タラヨウの枝先が折れて落ちていました。拾い上げると意外に重いです。濃い緑色の葉は大きくて分厚く,縁には鋭い鋸刃のような棘が並んでいます。赤い実がトウモロコシのようにぎっしりとついていました。一部の実は黒く変色して少ししぼんでいます。

タラヨウ
タラヨウ[ in南禅寺風呂山町 on2023/1/24 ]

タラヨウの葉裏は傷をつけると黒く変色するので,尖ったもので字を書くことができます。

タラヨウ(葉表)
タラヨウ(葉表)[ in南禅寺風呂山町 on2023/1/24 ]
タラヨウ(葉裏)
タラヨウ(葉裏)[ in南禅寺風呂山町 on2023/1/24 ]

実の頭には円盤状になった柱頭の名残が,お尻には宿存性の萼があります。

タラヨウ(果実)
タラヨウ(果実)[ in南禅寺風呂山町 on2023/1/24 ]
タラヨウ(果実)
タラヨウ(果実)[ in南禅寺風呂山町 on2023/1/24 ]
タラヨウ(果実)
タラヨウ(果実)[ in南禅寺風呂山町 on2023/1/24 ]

実の中には種子が4個入っていました。

タラヨウ(果実断面)
タラヨウ(果実断面)[ in南禅寺風呂山町 on2023/1/24 ]
タラヨウ(種子)
タラヨウ(種子)[ in南禅寺風呂山町 on2023/1/24 ]

タラヨウは雌雄異株。
花は春に咲きます。これは雄花。

タラヨウ(雄花)
タラヨウ(雄花)[ in南禅寺風呂山町 on2018/4/23 ]

これは雌花です。

タラヨウ(雌花)
タラヨウ(雌花)[ in南禅寺風呂山町 on2018/5/2 ]

『牧野新日本植物図鑑』(1961年)には,タラヨウについて次のように書いてありました。

1427. たらよう(もんつきしば,のこぎりしば) 〔もちのき科〕
  Ilex latifolia Thunb.
近畿地方以西の本州,四国,九州など暖地の山地にはえるが多くは庭園に栽培される常緑高木。高さは10m位にもなる。互生の葉は大形で短かい柄と一緒にすると長さ20cm以上にもなる。
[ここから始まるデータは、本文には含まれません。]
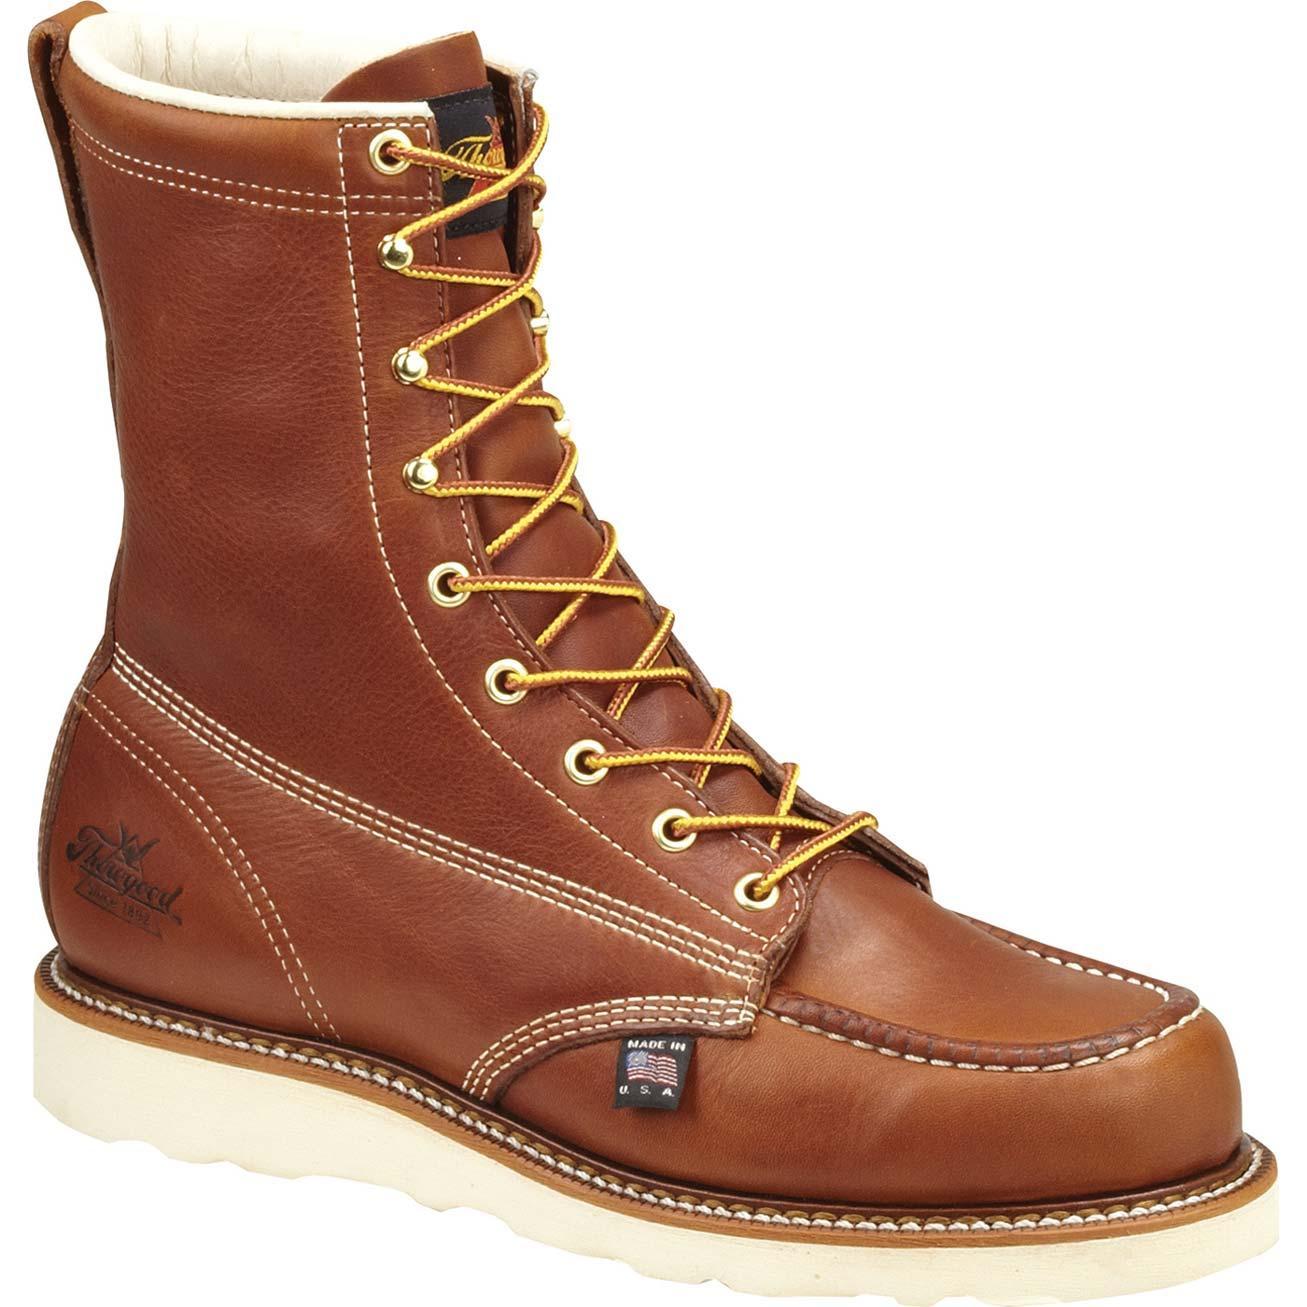 08285d473b4 Thorogood American Heritage Moc Toe Wedge Work Boot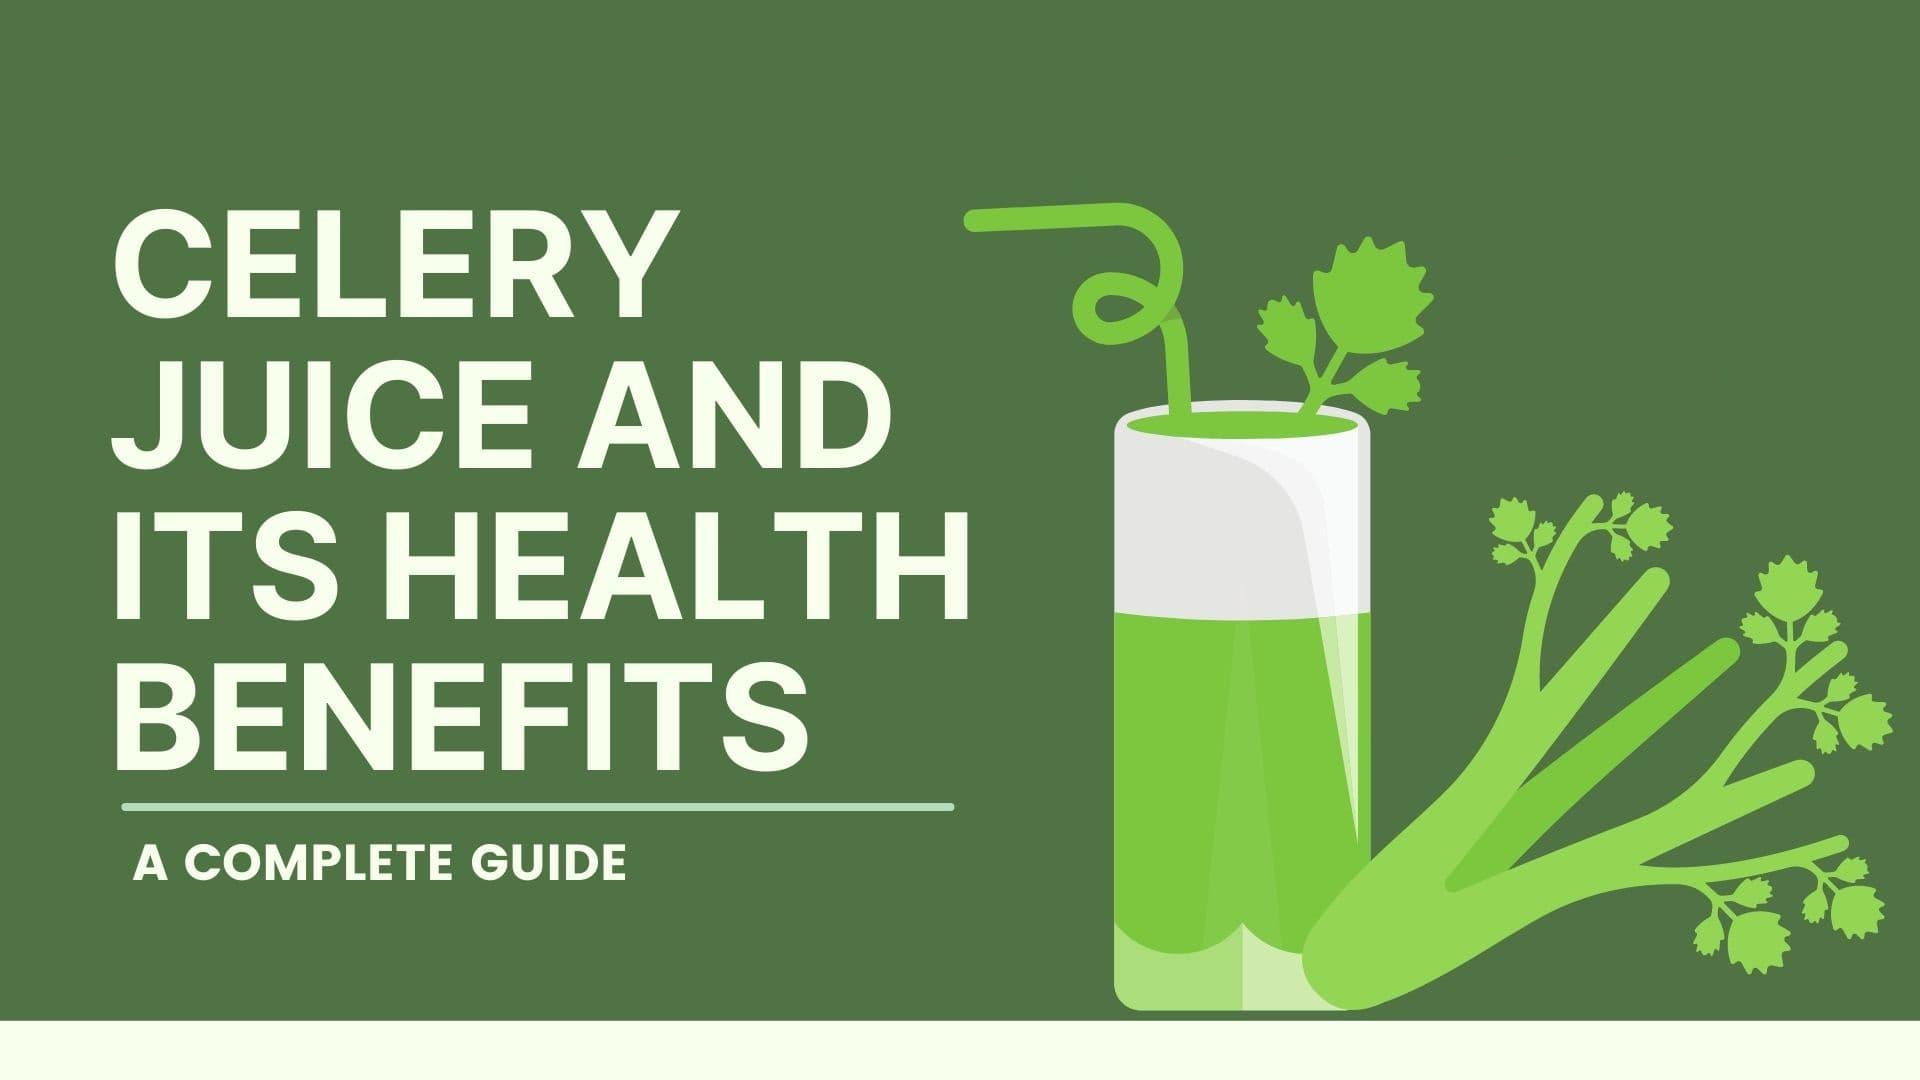 Celery Juice and its Health Benefits

形は長楕円形で先端が尖り,辺に細かく鋭いきょ歯をもつ。厚質で硬く革質をしていて表面は平らで滑らかで光沢がある。支脈は主脈の両側に各々6~16本ある。春から夏にかけて葉腋に短かい集散花序をつけ多くの花を密につける。花は黄緑色でがくは4裂し,4個の花弁をもつ。雄花には4本の雄しべがある。両性花はやや短かい4本の雄しべと卵状の子房をもつ。核果は球形で集ってつき紅色となる。〔日本名〕多羅葉。葉面を火であぶると黒い環が現われ,また傷つけると傷痕が黒くなるので,この式で文字を書くことができる。それを経文を葉に傷つけて書く多羅樹(Borassus fabellformis Murr. やし科)の葉にたとえて名付けたもの。紋付柴も上記の性質による。鋸柴は硬いきよ歯があるからである。